The increasing interest in micro-credentials can also be observed in official statistics: The topic was discussed in the January 2021 board meeting for the European Master in Official Statistics (EMOS).33 While the board stated some caution regarding the minimum requirements and the quality of the material, which is also discussed controversially in educational literature [43], the EMOS-Board acknowledged micro-credentials in their January discussion as “one way forward for personalizing teaching and providing certificates for smaller amounts of learning, especially for already employed professionals.”
Figure 3.
IPSDS has registered many requests from people who are very interested in one or a few IPSDS courses but are not able to commit to the whole Master’s program. Therefore, since summer 2021, IPSDS offers micro-credentials through the Mannheim Business School as so-called open courses. External participants can book all courses from the IPSDS curriculum individually. The open course participants join the students of the Master’s program for their selected course(s) and receive the same qualified learning experience in a proven online environment. After passing the course, they receive a certification of completion. For people interested in developing their skill set in a specific area, the program also offers course bundles (see Fig. 3), such as the course bundle on working with missing survey data. This bundle includes the two courses on item nonresponse and multiple imputation and an introductory R course since the other courses require a certain degree of R programming skills.
7.Summary
New sources of data and analysis methods provide opportunities to deliver more efficient and effective official statistical services. However, extracting relevant and reliable information from new and traditional sources and incorporating new and traditional data analysis methods into the statistical production process is a challenging task. These developments require those in charge of data generating processes, data storage, data analysis, and data output to periodically update their skills and knowledge in the area of survey and data science.
For working professionals in official statistics, IPSDS offers a genuine online learning environment accessible from anywhere in the world since 2016. Both a master’s program, as well as certificates for single courses and bundles of courses, are available. One of the most important fields the students can apply new skills to is the field of official statistics. When the Master’s program was formally institutionalized as Master of Applied Data Science and Measurement at the Mannheim Business School and the University of Mannheim, program management applied to become certified as European Master in Official Statistics (EMOS)44 and was able to receive the label in May 2021 under conditions and recommendations.
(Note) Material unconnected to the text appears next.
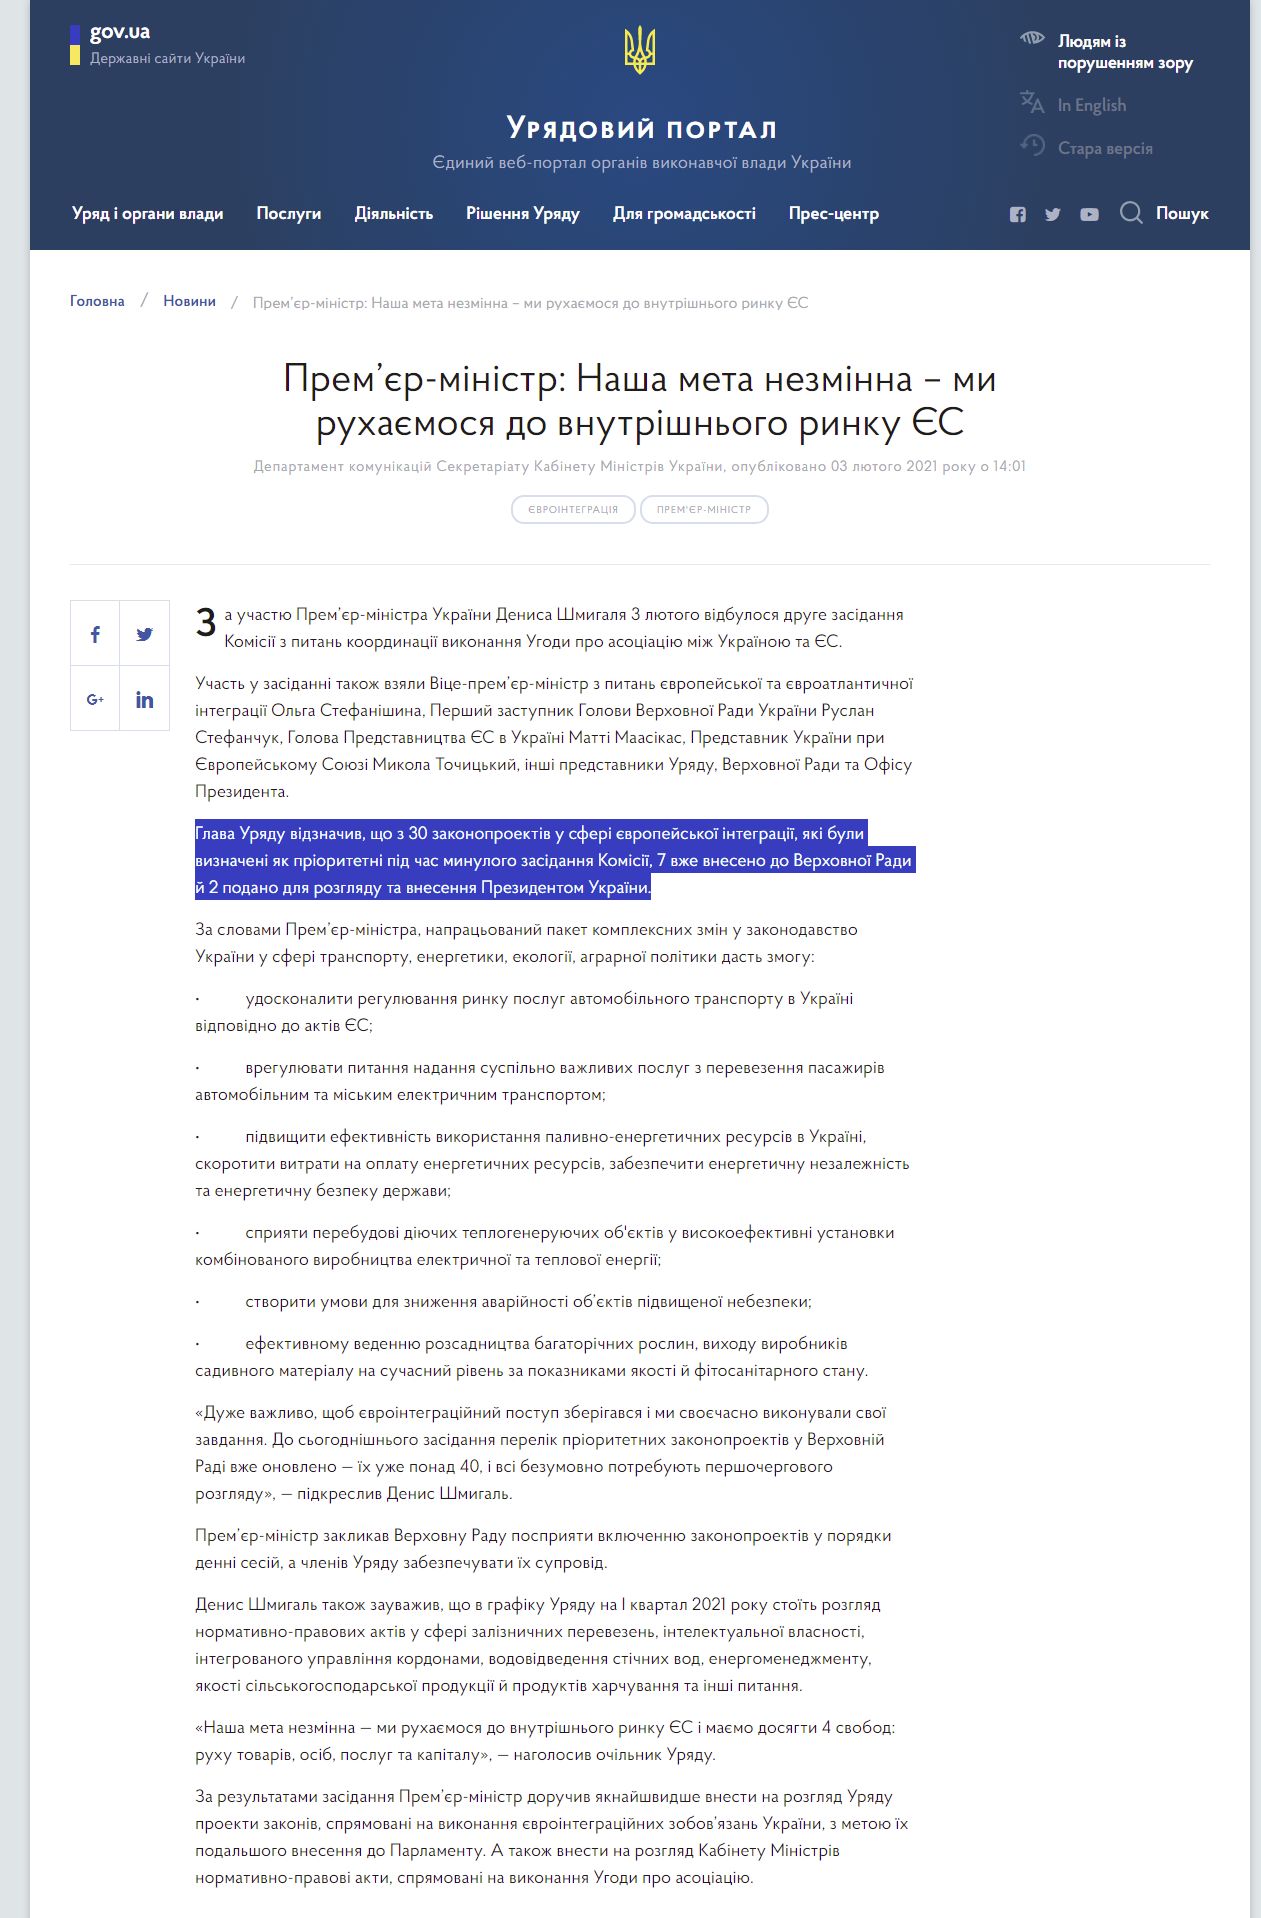 https://www.kmu.gov.ua/news/premyer-ministr-nasha-meta-nezminna-mi-ruhayemosya-do-vnutrishnogo-rinku-yes

The program emphasizes interaction between faculty and students as well as networking and working in (international) groups. A significant part of the faculty and the student body is currently working or has worked in statistical agencies in Europe and the US. The coordination of the IPSDS training with work and leisure time is possible through the flipped classroom design. Classes are a mix of synchronous and asynchronous learning in small groups of no more than fifteen students. Additional courses like the project consulting course, internships, work projects, and the Master’s project complement the Master’s program focused on applications in real-world data settings. The program covers data collection, data analysis, dissemination, and data quality, taking into account various data sources and their combination. Elective courses offer students insights into new developments like big data or geospatial data in official statistics complementing the skills they can gain in mandatory courses.
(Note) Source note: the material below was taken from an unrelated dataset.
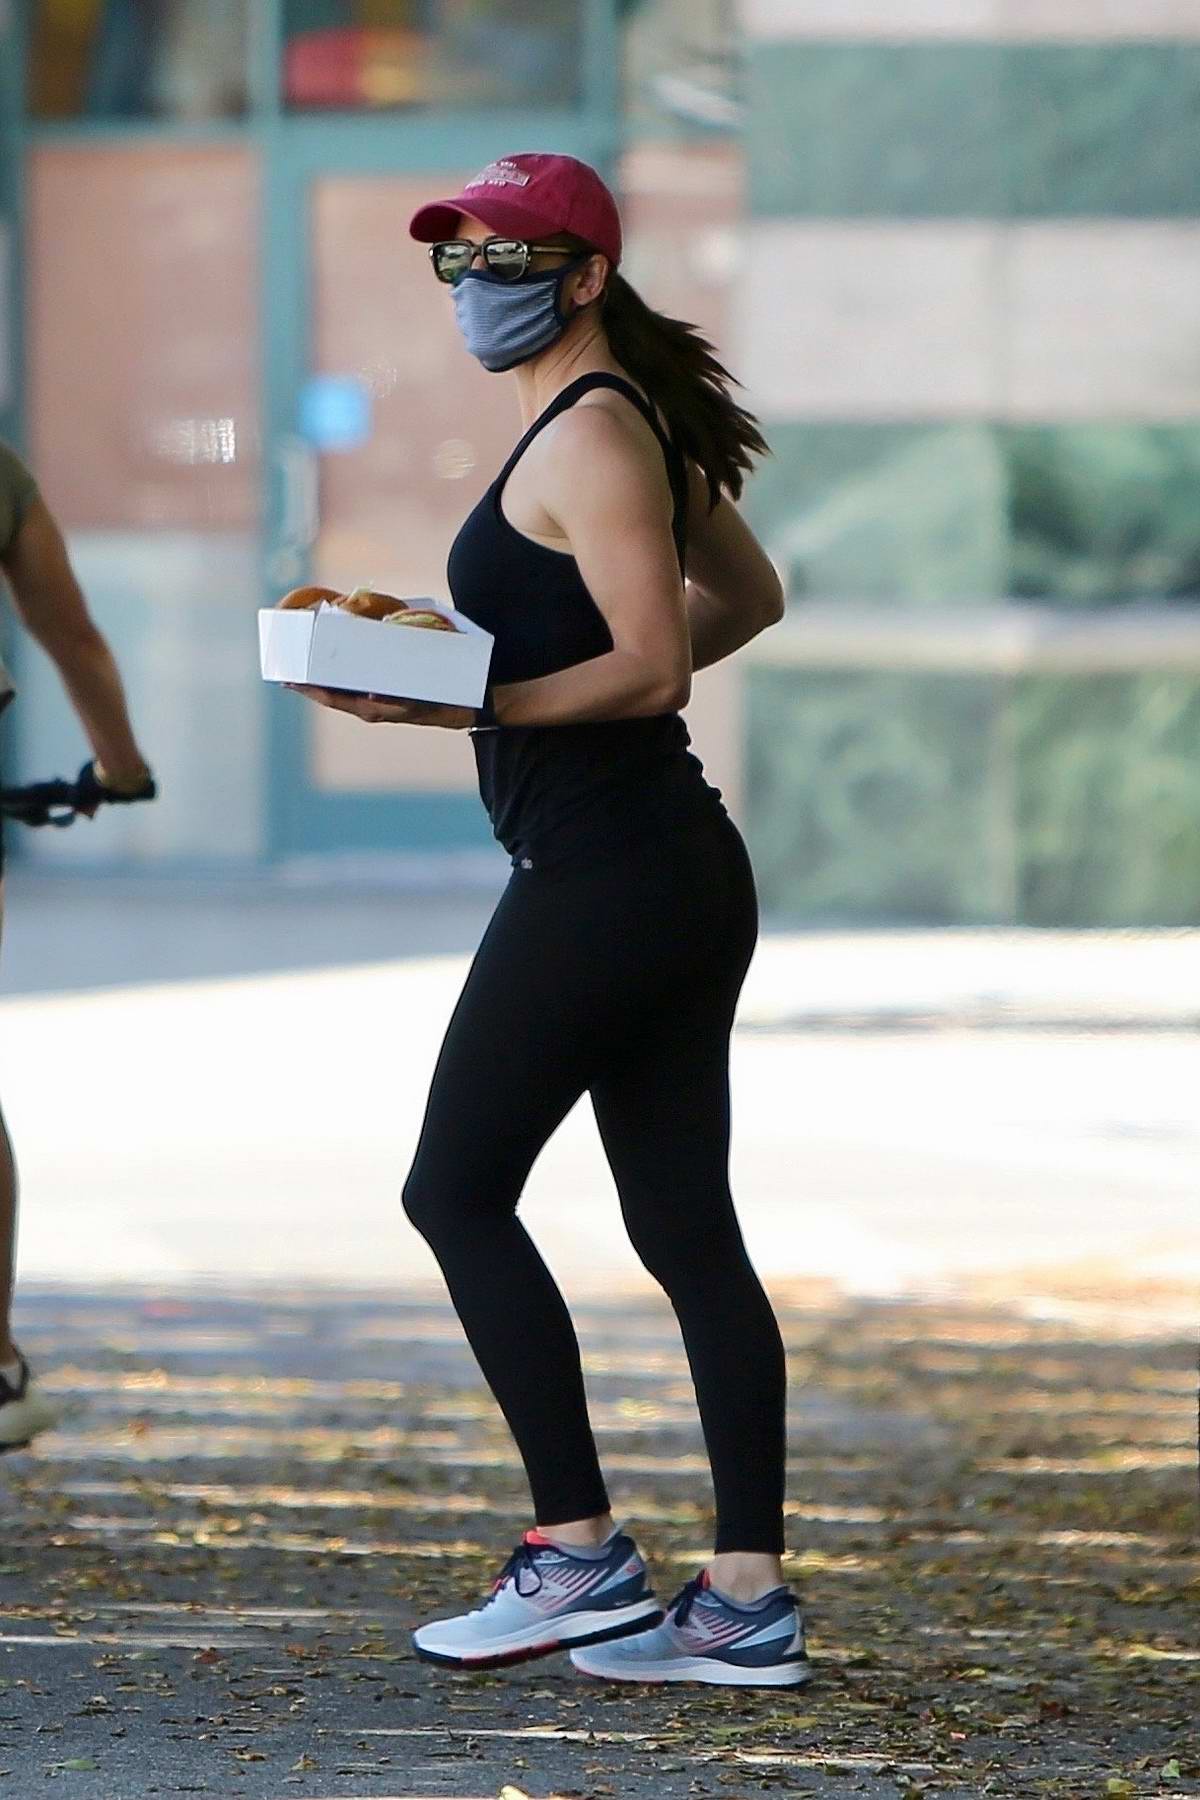 Jennifer Garner sports tank top and leggings while grabbing take

In the evaluations, Students have mentioned several aspects of the program that they appreciate. The supporting network of students who are all professionals in the same or adjacent fields is often stressed as an asset, as well as the courses that are divided into small segments that allow flexible learning. The variety of classes and cutting-edge topics that are covered are another strength that is frequently emphasized.
For education and training, there is now a wide range of offerings from universities and providers from the field of online learning. Formats range from single, free-of-charge online courses that can be taken with thousands of other students from around the world (MOOCs) to traditional face-to-face academic bachelor’s or master’s programs. In between, however, we believe there is also demand for hybrid programs such as IPSDS, that combine the flexibility of online learning with interaction in an online classroom setting, especially regarding training in official statistics.
Notes
1 https://ec.europa.eu/eurostat/cros/content/essnet-big-data-1_en [Last Access: May 1, 2021].
2 ‘The European Credit Transfer System (ECTS) is a point system used by universities and agreed by governments […]. ECTS points, or ECTS credits indicate the required workload to complete a study programme, or a module within a study programme. […] The typical “full course load” at an American university implies 15 U.S. credits per Semester, which is equal to 30 ECTS credits at a European university. So the factor between American and European credits is usually 2 […].’ https://www.study.eu/article/what-is-the-ects-european-credit-transfer-and-accumulation-system [Last accessed: April 25, 2021].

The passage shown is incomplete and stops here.